Provided material
Start of Block

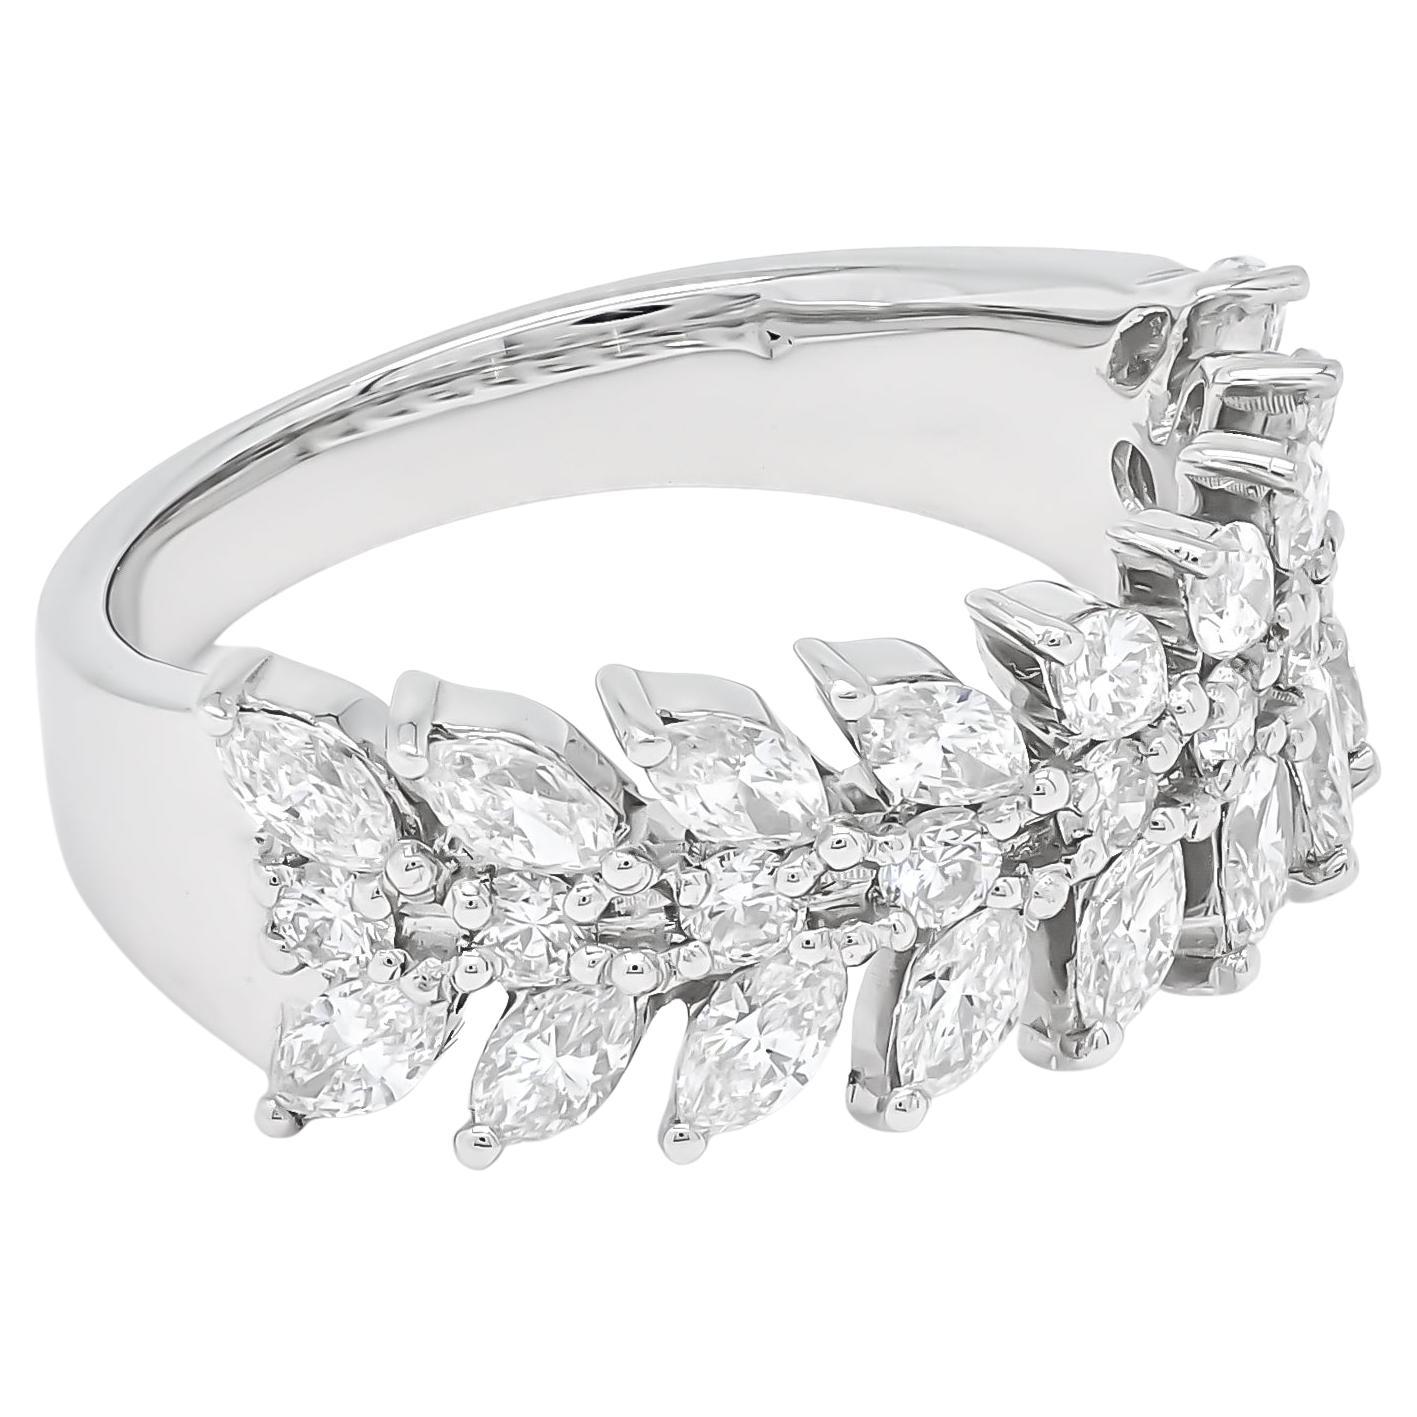 Wenn Sie auf der Suche nach dem perfekten Geschenk zum Jahrestag sind, um Ihre Frau zu überraschen und ihr zu zeigen, wie sehr Sie sie lieben, sollten Sie einen Marquise-Diamantring aus 18-karätigem Weißgold in Betracht ziehen. Dieses exquisite
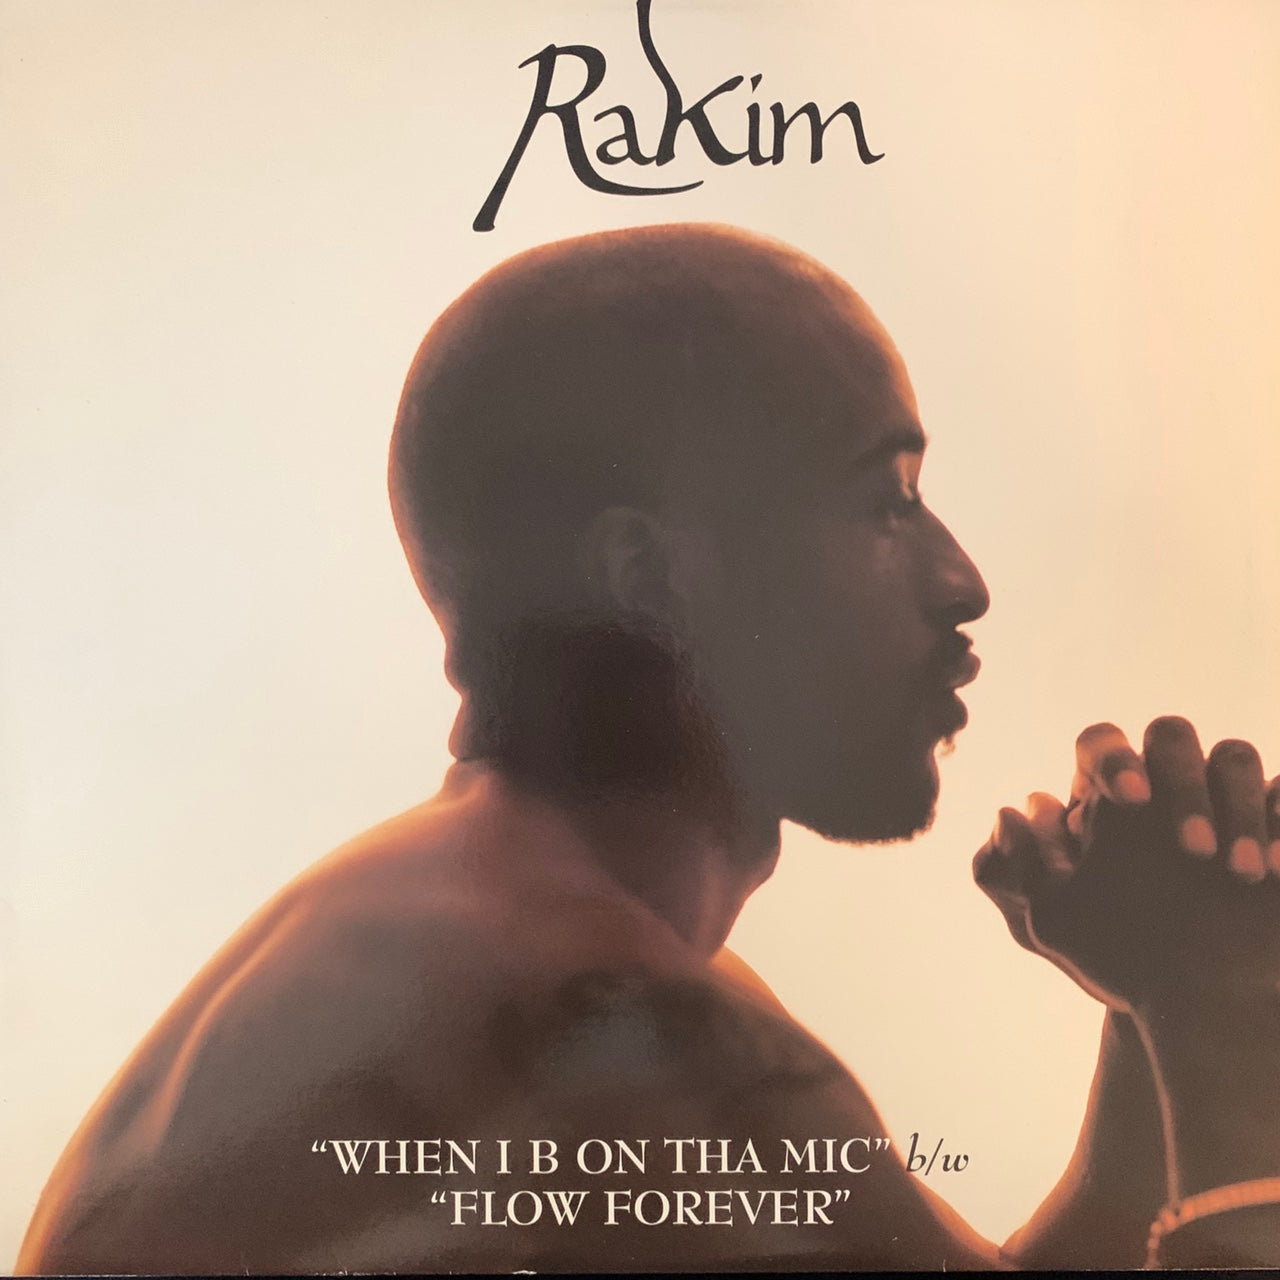 Rakim “When I B On Tha Mic” / “Flow Forever” 6 Version 12inch Vinyl
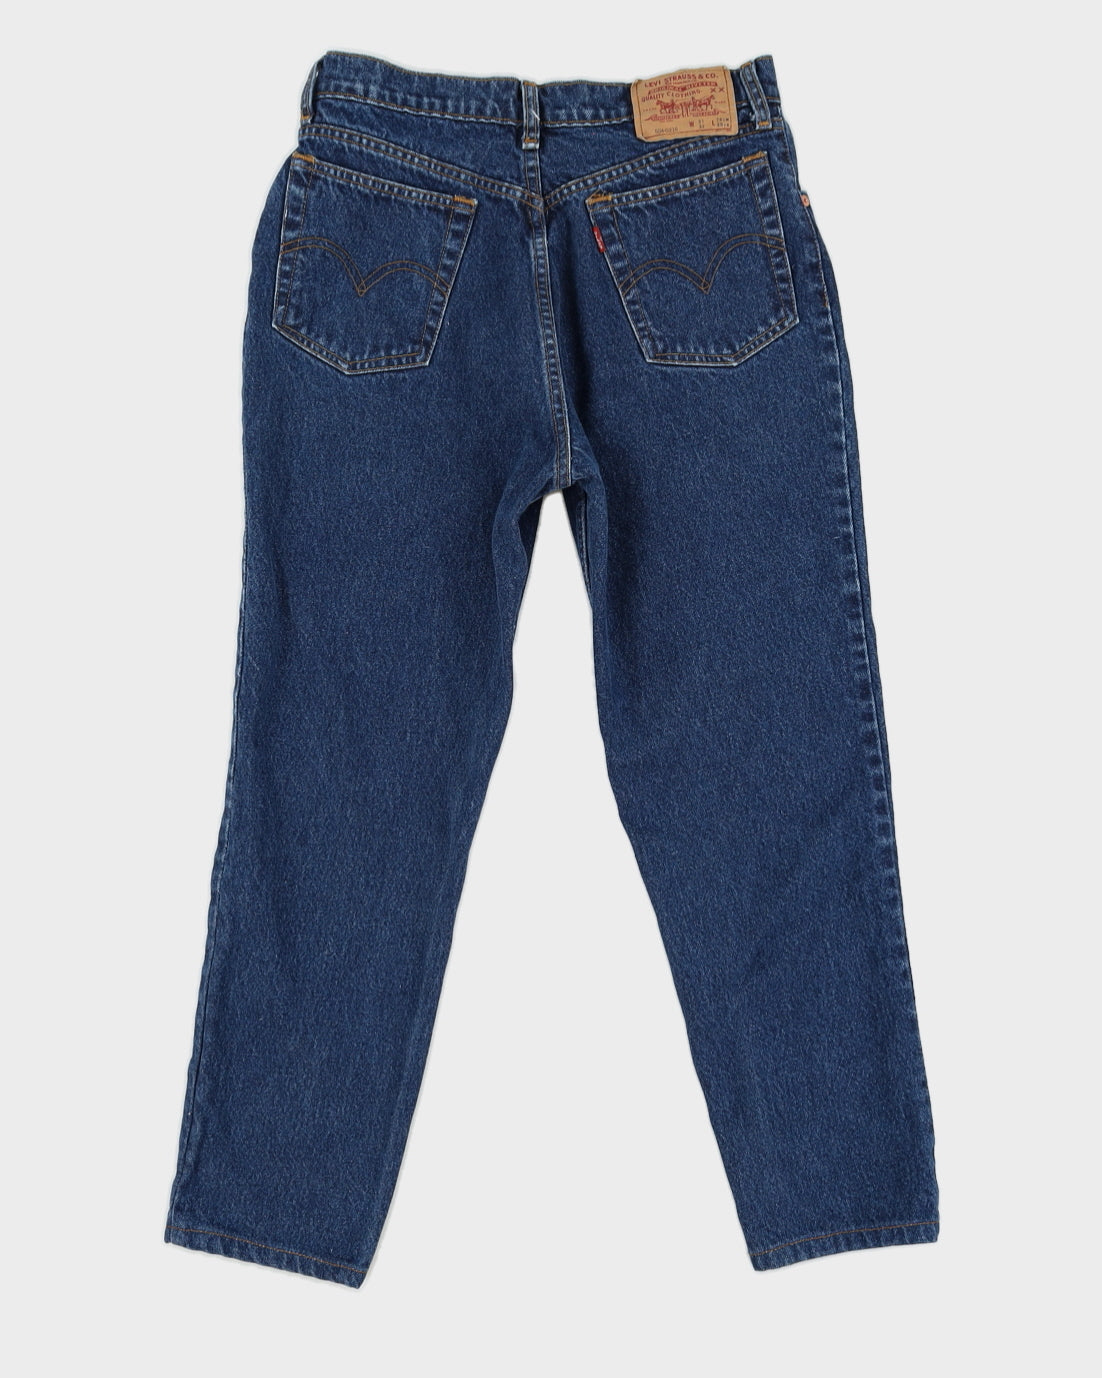 Vintage 90s Levi's 504 Denim Jeans - W30 L26
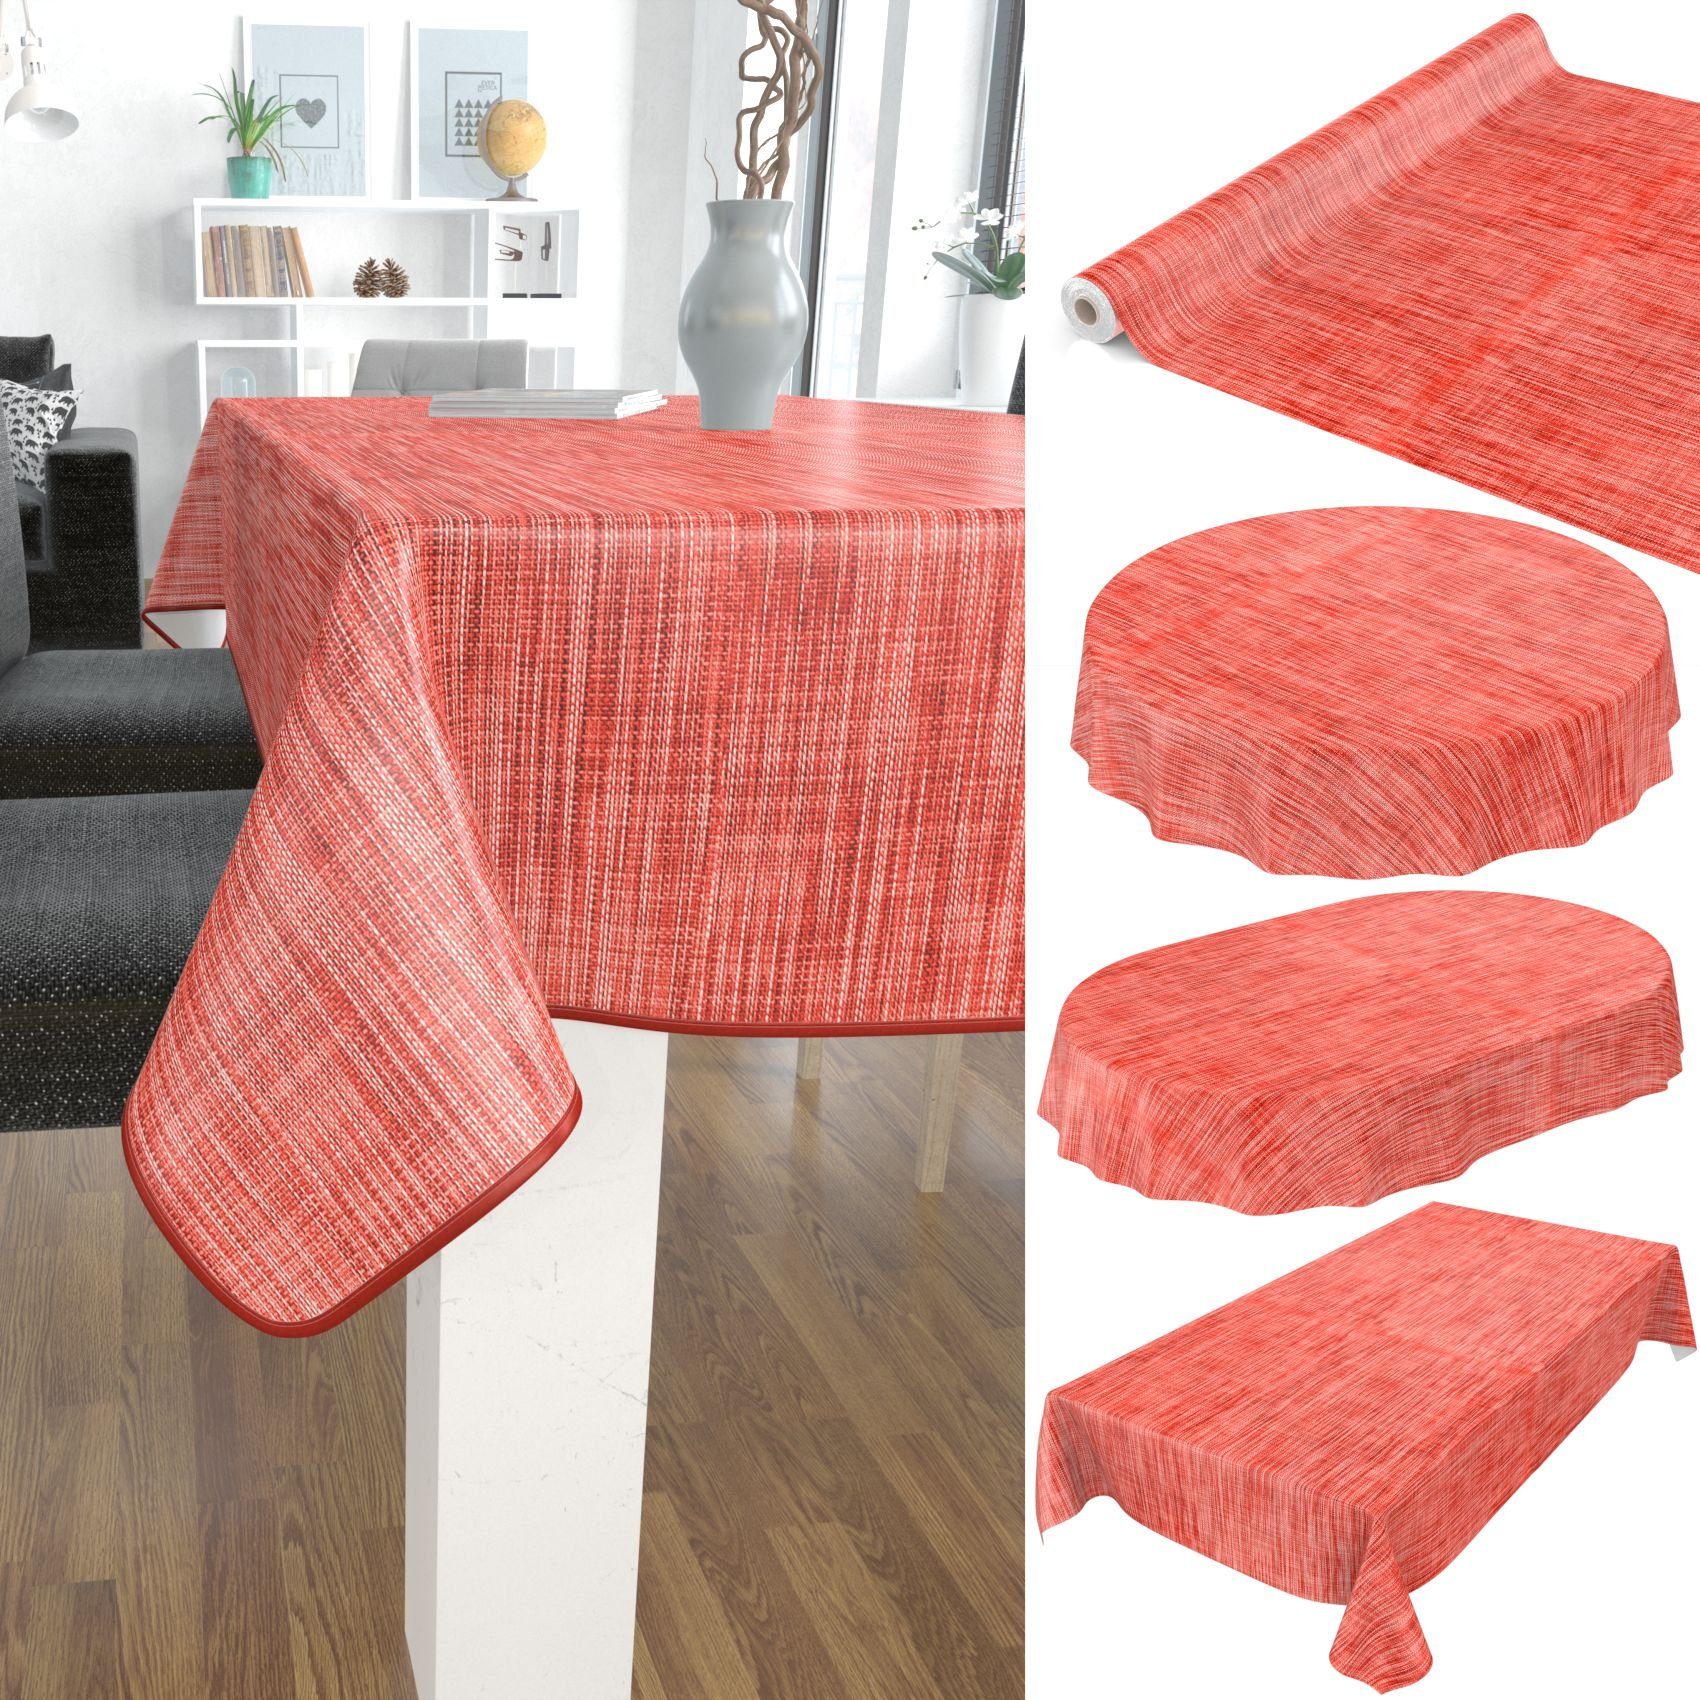 ANRO Tischdecke 140, Breite Rot Robust Tischdecke Glatt Wachstuch Einfarbig Wasserabweisend

End of Block

Leave the images aside and retype each line of the listing above exactly.

 Wenn Sie auf der Suche nach dem perfekten Geschenk zum Jahrestag sind, um Ihre Frau zu überraschen und ihr zu zeigen, wie sehr Sie sie lieben, sollten Sie einen Marquise-Diamantring aus 18-karätigem Weißgold in Betracht ziehen. Dieses exquisite
 Rakim “When I B On Tha Mic” / “Flow Forever” 6 Version 12inch Vinyl
 Vintage 90s Levi's 504 Denim Jeans - W30 L26
 ANRO Tischdecke 140, Breite Rot Robust Tischdecke Glatt Wachstuch Einfarbig Wasserabweisend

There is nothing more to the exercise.